Et, en effet, le bârine était là qui regardait ; mais qu’aurait-il pu entendre ? Un petit garçon, qui venait d’être fessé par sa mère, criait comme un beau diable ; un chien de basse-cour hurlait affreusement pour avoir été échaudé par un scélérat de marmiton qui se pâmait de rire sur le seuil de la cuisine, à voir l’animal se rouler convulsivement dans l’herbe.
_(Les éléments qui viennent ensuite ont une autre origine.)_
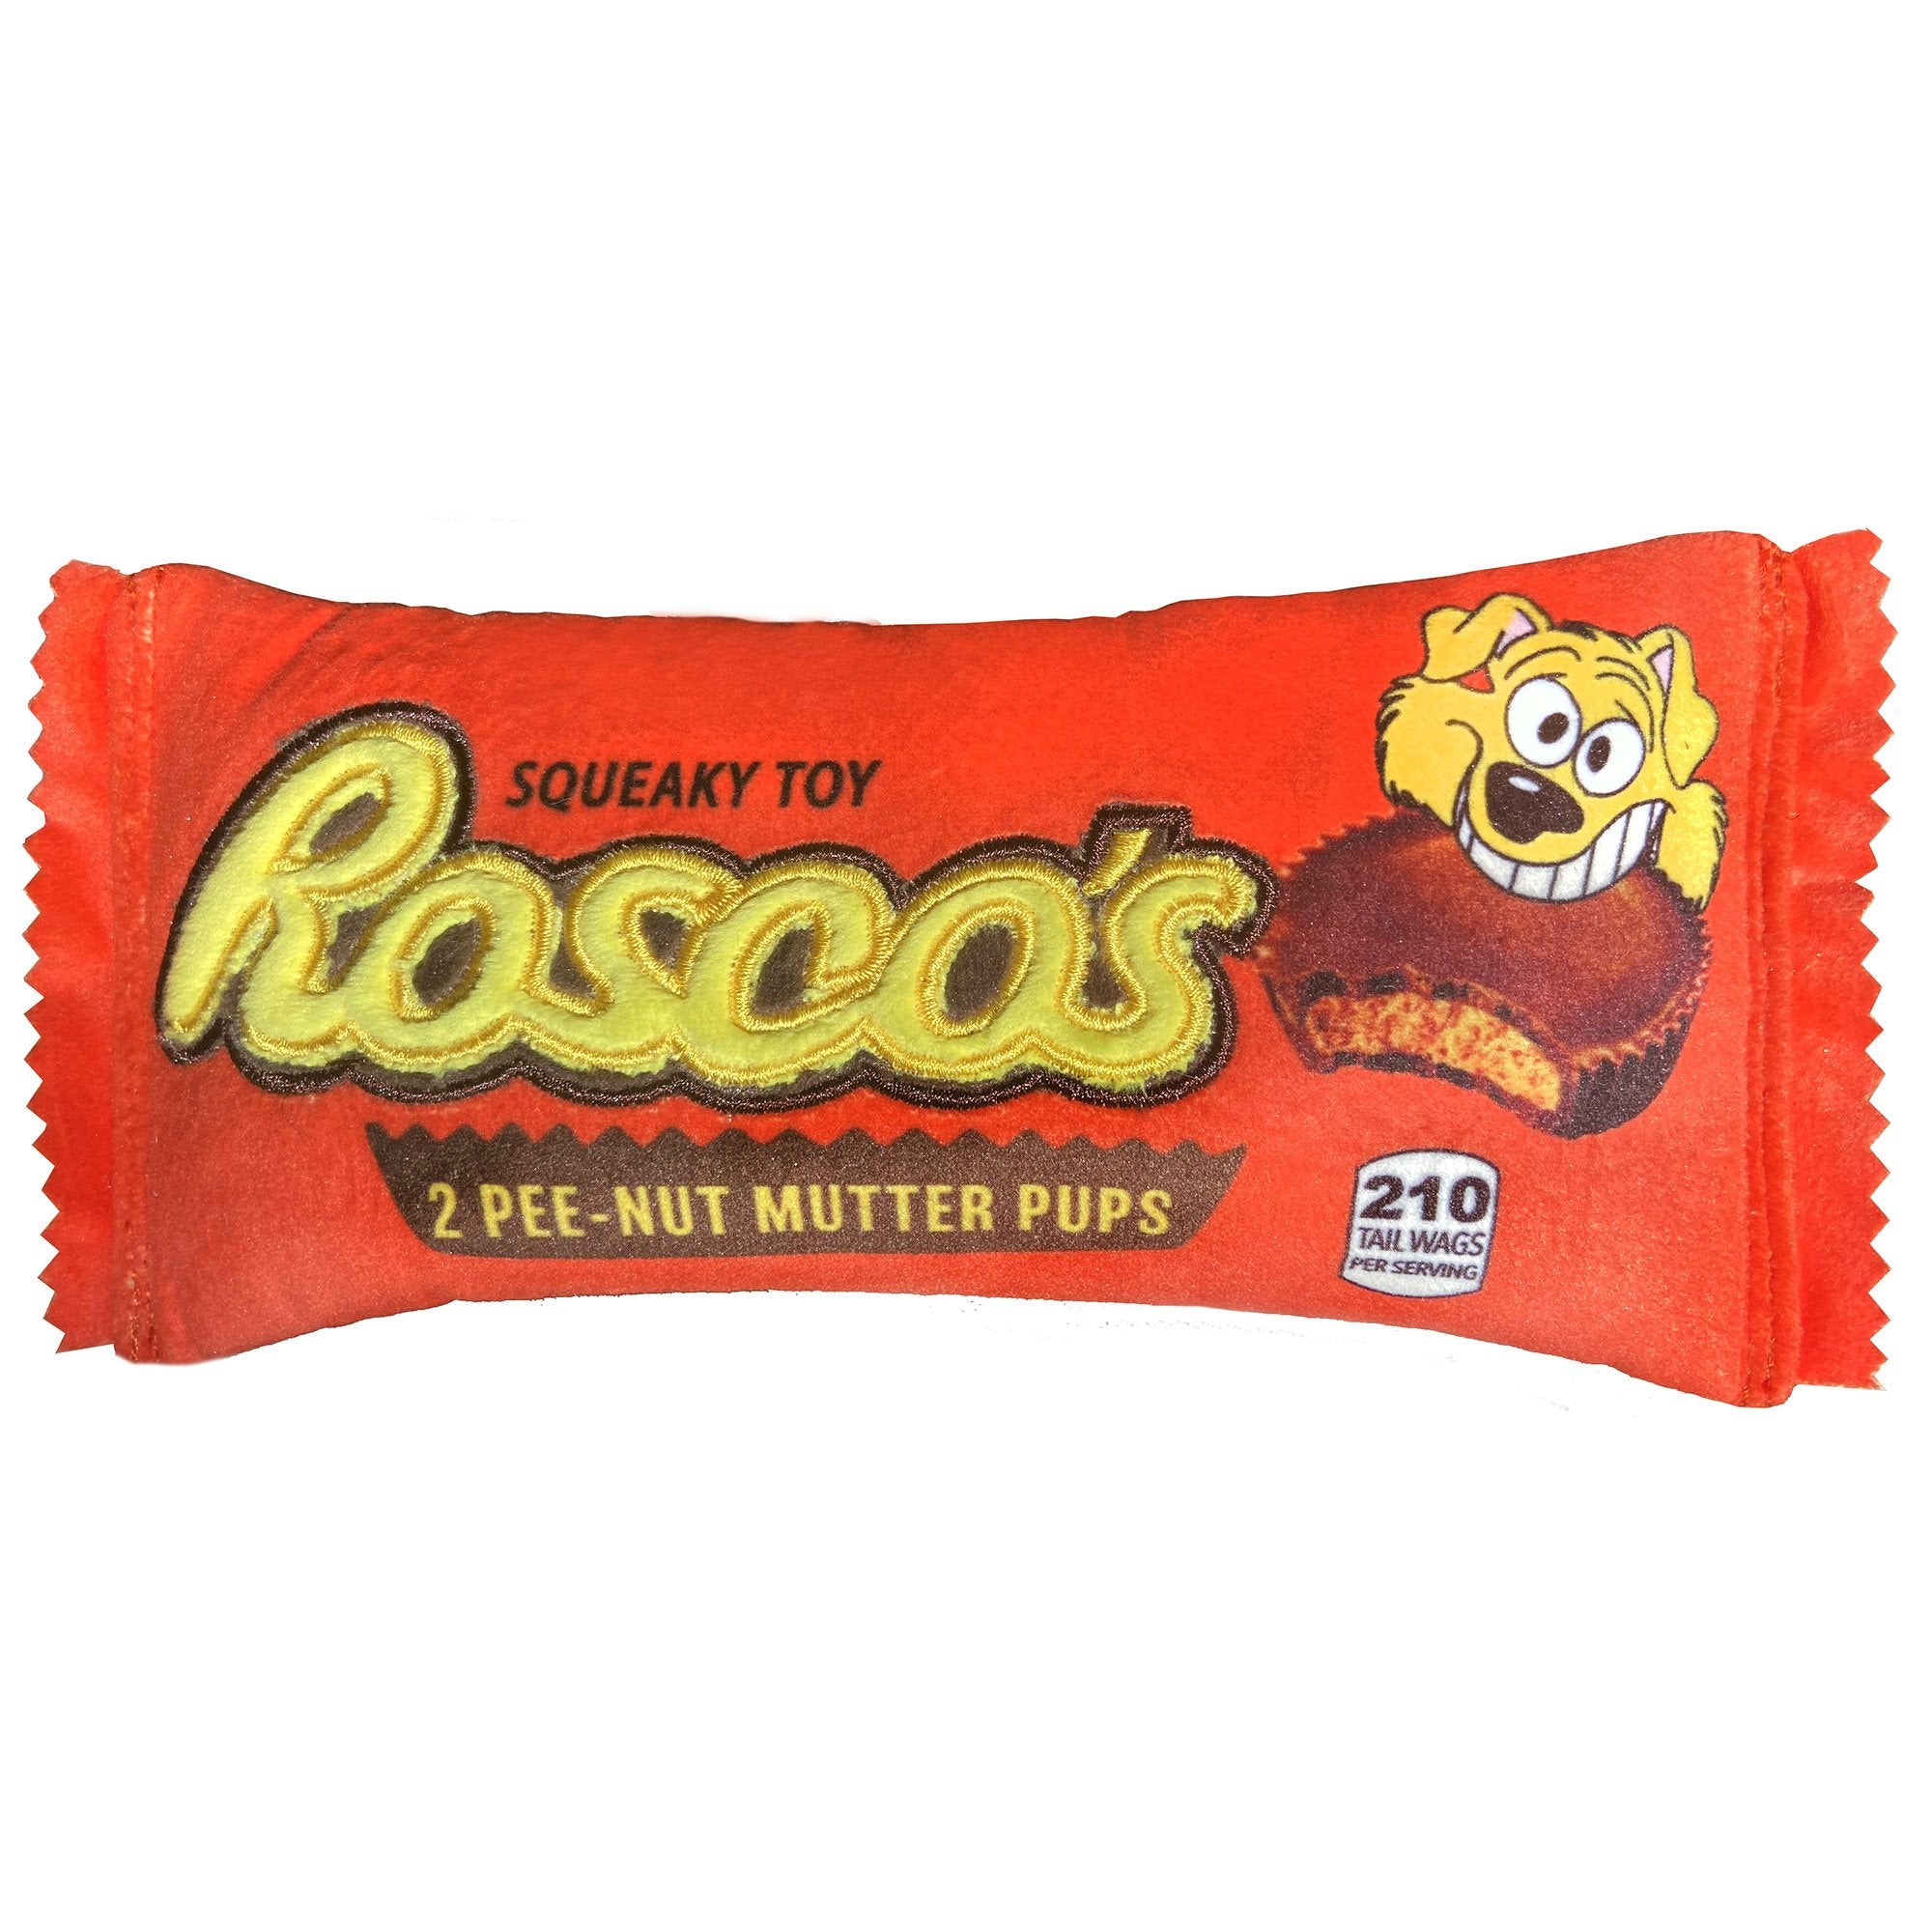 Lulubelles - Rosco's Pee-Nut Mutter Pups
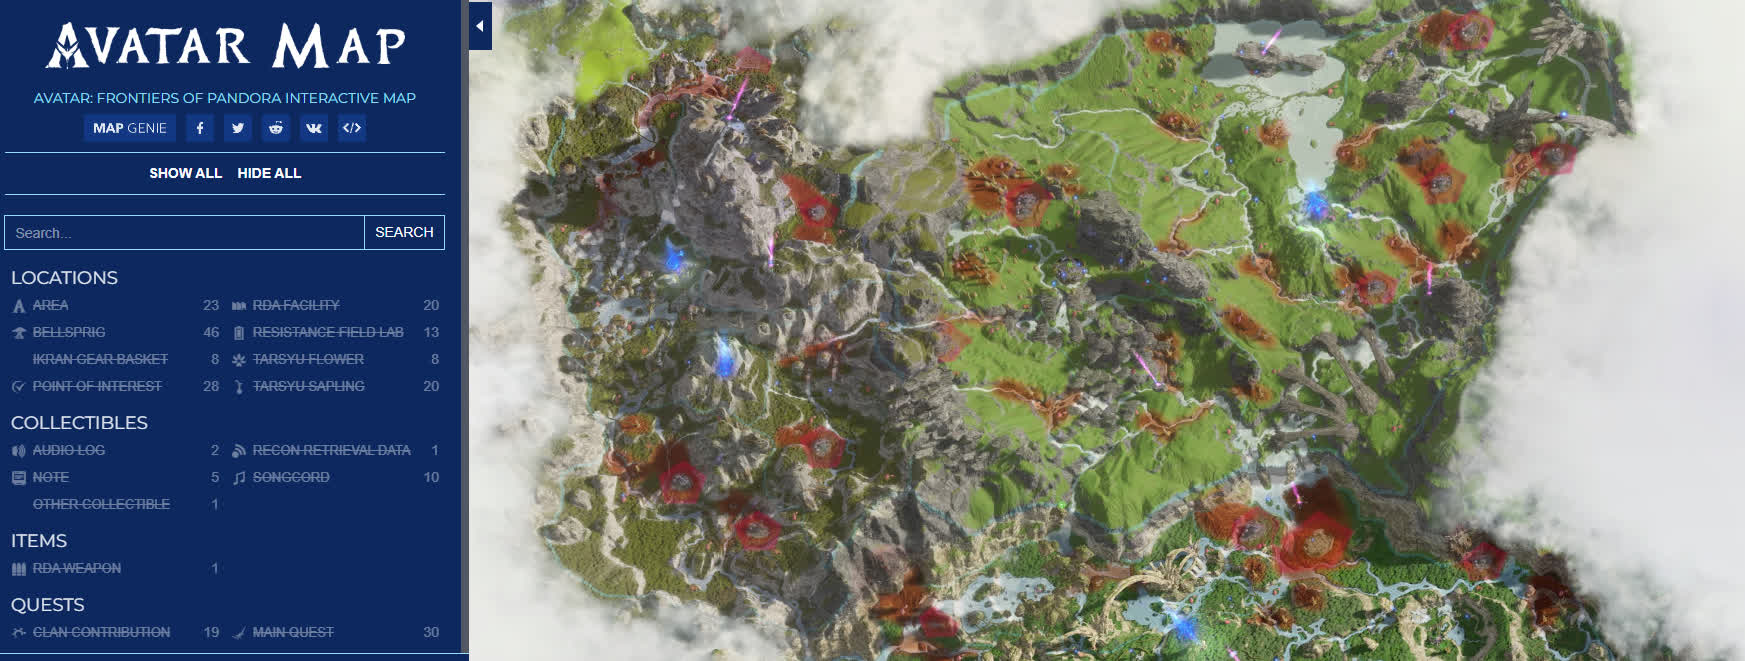 Интерактивная карта Avatar: Frontiers of Pandora — записки, разведданные, аккорды

Bref, tout, dans cette avant-cour, était vie, mouvement, action et animation, et il y avait pour le bârine de quoi entendre et voir, ne fût-ce que comme contraste avec lui-même. Mais ce n’est que dans les cas où le vacarme devenait insupportable, au point de troubler ce doux état de ne rien faire et de n’y penser pas qui lui était habituel, qu’il se sentait réveillé de sa langueur végétative et de son engourdissement moral, et que, d’autorité, il rappelait alors ses gens à plus de réserve.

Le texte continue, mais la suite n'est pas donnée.